Going into the season, Broadway was already out two major musical houses: the Lyric and the Marquis, home to magic-fueled mega-plays Harry Potter and the Cursed Child and Stranger Things: The First Shadow. Popular IP and spectacle have historically been the musical’s domain, but Sonia Friedman, lead producer of both, has shifted the paradigm and proven herself savvy for it.
Then there’s the Winter Garden, famous for housing long-running musicals like Cats and Mamma Mia! But over the past two years, it’s become a lucrative home for limited-run, celebrity-driven plays—safe bets for ticket sales with half of a musical’s operating costs and stars who only have to set aside a few months of their lives. Last year, George Clooney moved in with his blockbuster Good Night, and Good Luck, and this year, Nathan Lane and Laurie Metcalf are filling its 1,500 seats every night with their lauded revival of Death of a Salesman. In the fall, Tom Hiddleston and Hayley Atwell will take their turn with Jamie Lloyd’s Much Ado About Nothing before Lloyd’s Rachel Zegler-powered revival of Evita opens in the spring.

The pattern is apparent all across Broadway: Jon Bernthal is headlining Dog Day Afternoon at the August Wilson, onetime home to big musicals like Cabaret, Funny Girl, and Mean Girls; John Lithgow is giving his Tony-winning performance in Giant at the Music Box, the place you may have caught Tony-winning productions of Pippin, Dear Evan Hansen, or Suffs; and Daniel Radcliffe made a hit of the solo(ish) play Every Brilliant Thing at the Hudson, the same stage on which he earned his Tony for Merrily We Roll Along.
This is not a call to arms against the straight plays ravaging our streets. It’s wonderful that so many people are compelled to pay hundreds of dollars to watch actors talk to each other for two-plus hours without the respite of a dance break. It does, however, reveal a lot about the business mindset driving the Broadway industry and explains why musicals (especially ones that want an open run) are having an increasingly hard time making it to the front of the line.
And let’s not disregard the feat of plays like Bess Wohl’s Tony-winning Liberation that rolled the dice without bankable celebrities. “Saying that it’s commercially viable is [an] audacious claim,” said the play’s Tony-nominated star Susannah Flood at the beginning of its Broadway run in fall 2025. It’s true, and not every producer is down to be quite so audacious.
But while we’re reading tea leaves, this year’s Tony ceremony dropped some hints of its own. In both the Best Musical and Best Revival of a Musical categories, the winners were the shows that most closely resembled the archetypical Musical. Ragtime, a traditional book musical with a sweeping score and thoroughly drawn characters bested its main opponent, Cats: The Jellicle Ball, which turned Andrew Lloyd Webber’s trippiest concept piece into a raucous drag ball. Schmigadoon!, a spoof on the Golden Age musical that still loyally adheres to its structure, style, and tropes, won out over the death-defying feats and indie-rock sound of the emo vampire spectacle The Lost Boys.
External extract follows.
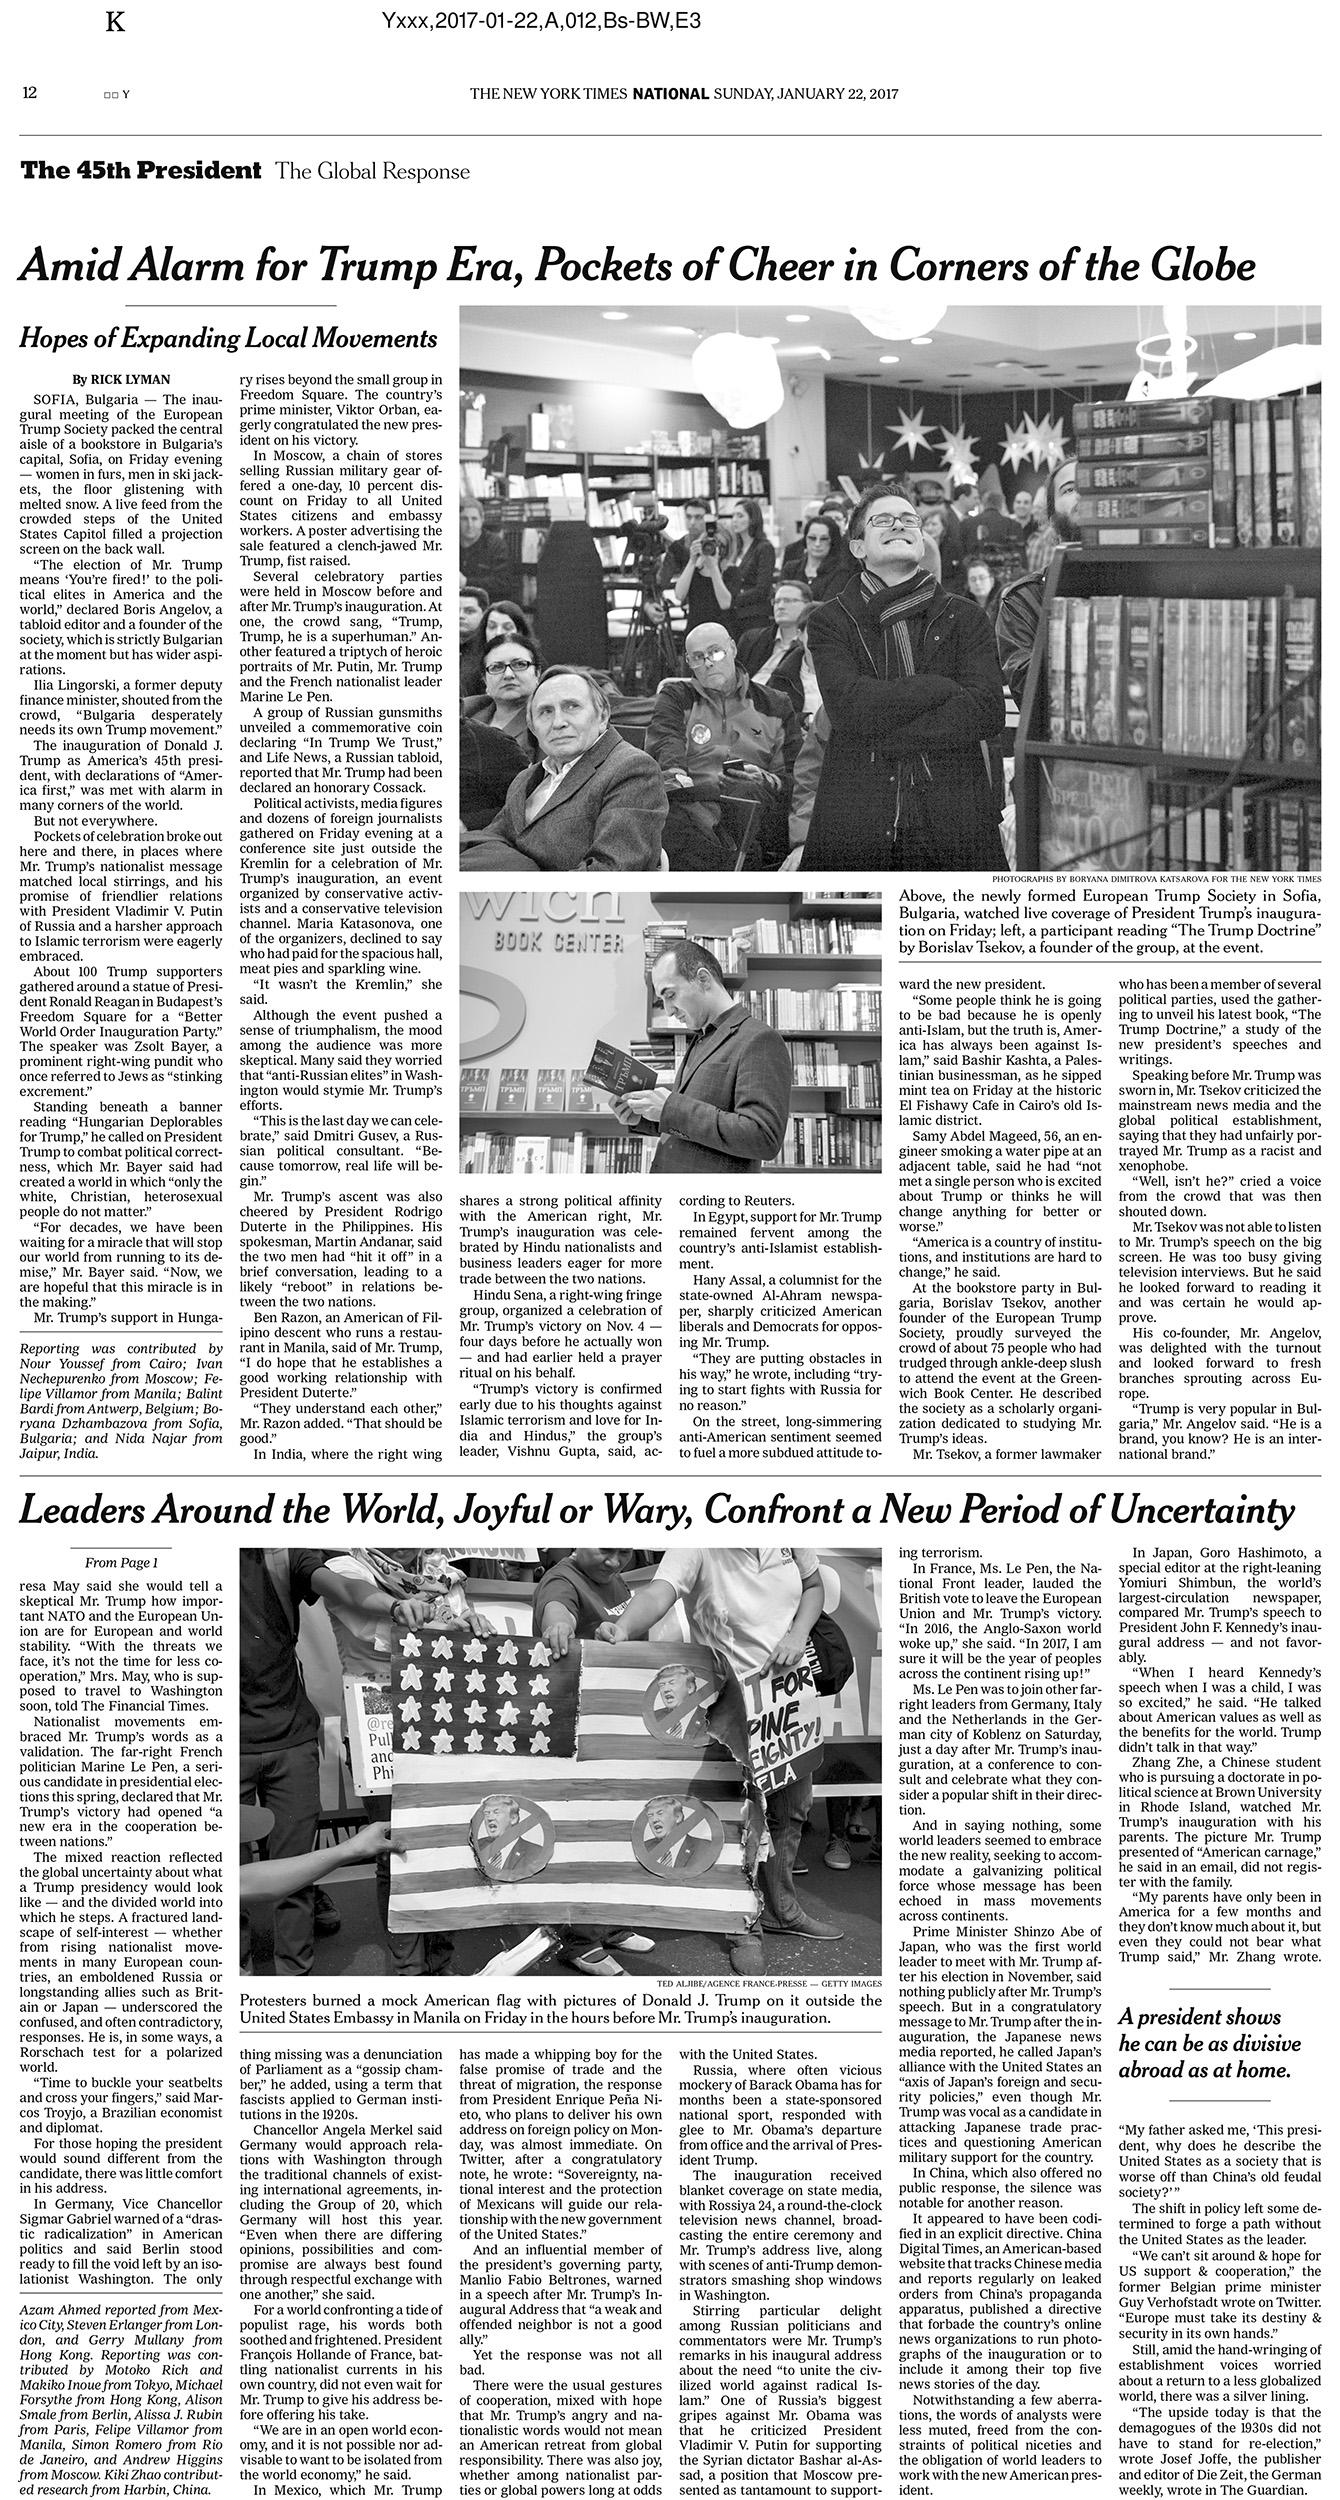 NYT_Bulgaria_Trump_Society_2017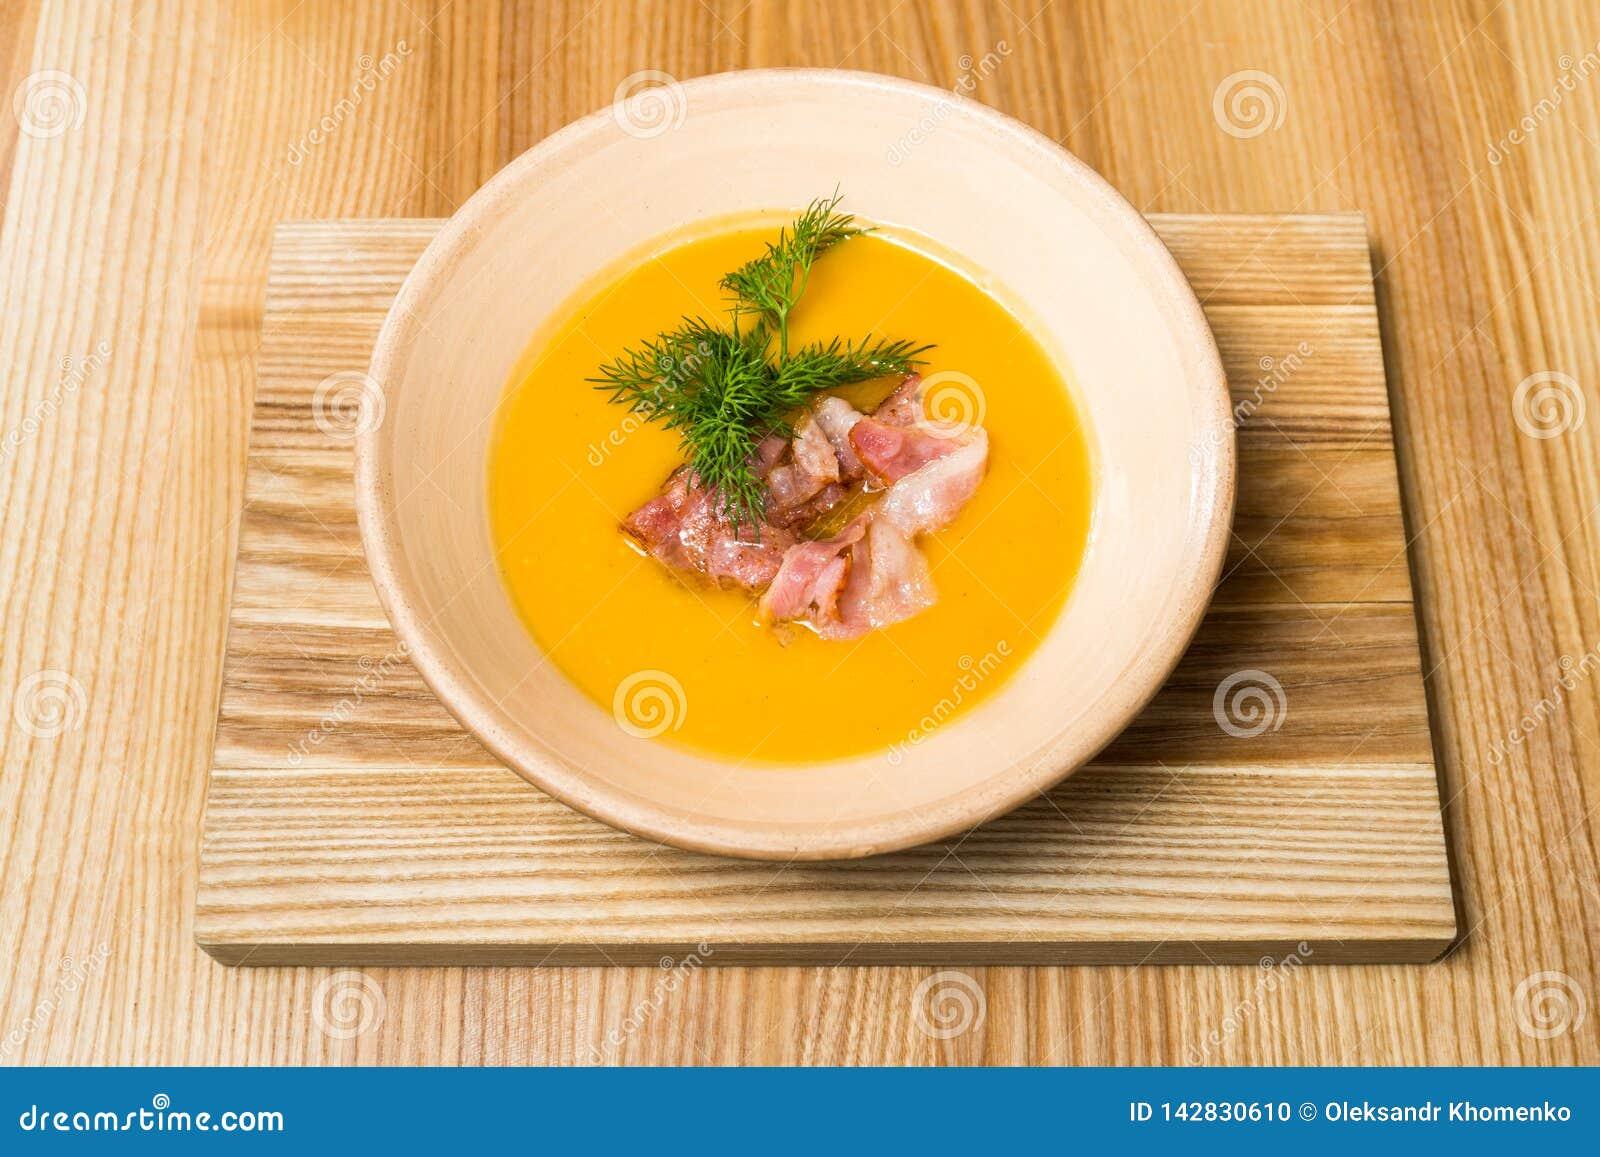 Soupe aux pois avec le lard sur une table en bois

Sure, the appetites of Tony voters and ticket buyers aren’t often in perfect alignment. And one person’s reverence for the classics is another’s resistance to progress. Even so, this year can serve as a helpful thought experiment. After all, when we have a skeleton crew of musicals, our priorities and proclivities become especially clear. Perhaps it’s not as cut-and-dry as our dear Tony-winning Lorne Michaels described (I wouldn’t say Ragtime meets the “happy ending” criteria)—but maybe it is time to go back to the basics.